Aim to characterize differentially expressed miRNAS between healthy Norwegian Forest cats and healthy Domestic Shorthair cats, and to compare with cats with hypertropic cardiomyopathy (HCM) Six neutered healthy cats, three male domestic cats (DOM) and one male and two female Norwegian Forest (NF) cats were included. Each healthy cat was matched (breed, sex, age, body-weight and body condition score) with a cat with HCM. The dataset includes the miRDeep2 report, rawcounts miRNAs, differentially expressed miRNAs for contrasts compared using DESeq2, human and feline target genes producing messenger RNA (mRNA) and gene ontology analysis (GO) for these 12 cats.

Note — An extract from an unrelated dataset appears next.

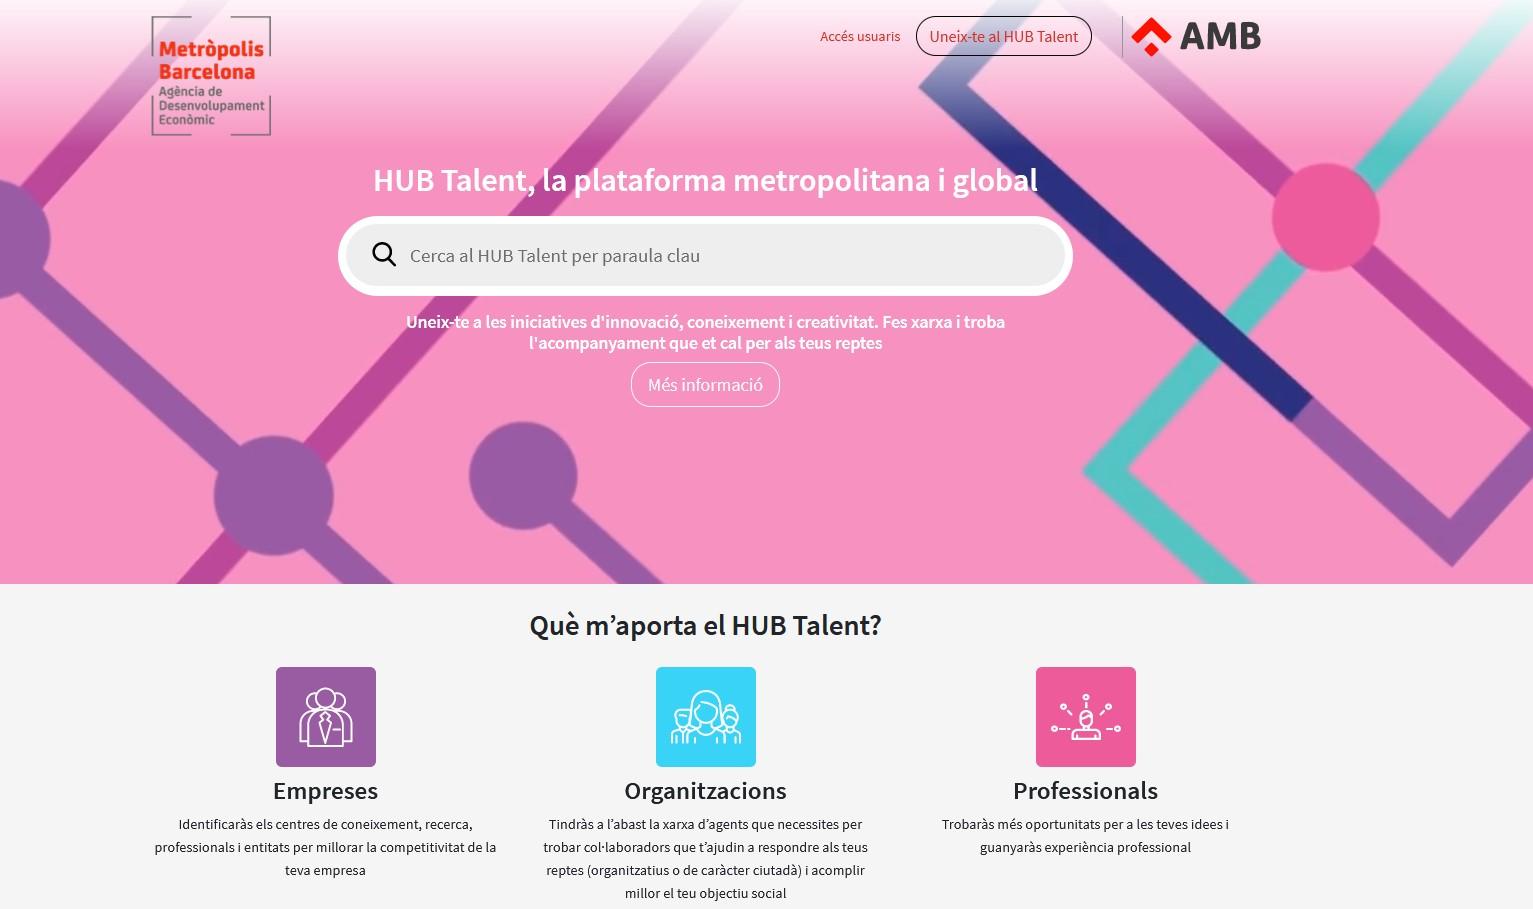 ¿Qué es el HUB Talent Metrópolis Barcelona?

Whole blood was collected in PAXgene blood RNA System frozen and stored in -20 °C until date of RNA-extraction for a median storage time of 177 days. Total RNA was extracted. Samples with an RNA integrity number (RIN)-value of 7.7 or higher were included in the study. Libraries were prepared and quantified and normalized prior sequencing. Paired-end sequencing data was generated. Bioformatic data processing and count genertion of known and novel miRNAs in cats were identified using miRDeep2. Mature miRNA and hairpin sequences were downloaded from miRBase with human as main reference, an mouse and dog assigned as close relatives. Main reference miRNAs identified in the dataset were classified as predicted known miRNAs, and miRNAs previously not described in the main reference were classified as novel miRNAs by miRDeep2. Only novel miRNAs with a miRDeep2 score of >5.0 was included in the count-file generated for subsequent differently expressed (DE)-analyses. Identification of DE miRNAs were performed in DESeq2. Number of variables 6: breed, age, sex, body-weight, body condition score, healthy or hypertrophic cardiomyopathy. The compiled files gives an overview of the data set. Compiled Excel file “miRDeep2_counts_DEsignmiRNAcontrasts_compiled” is a compiled file with the miRDeep2 report, raw counts of miRNAs and the differentially expressed miRNAs found in the dataset. The following nine csv-files are named miR_ and the name of the file in the compiled Excel file. Compiled Excel file “Target_HumanGOmiRNA_Feline_GOmiRNA_compiled” is a compiled file with the human and feline target genes producing messenger RNA for the differentially expressed miRNAs found in the dataset, gene ontology analysis of these miRNAS both for human and feline genes. The following nineteen csv-files are named Target_ and the name of the file in the compiled Excel file.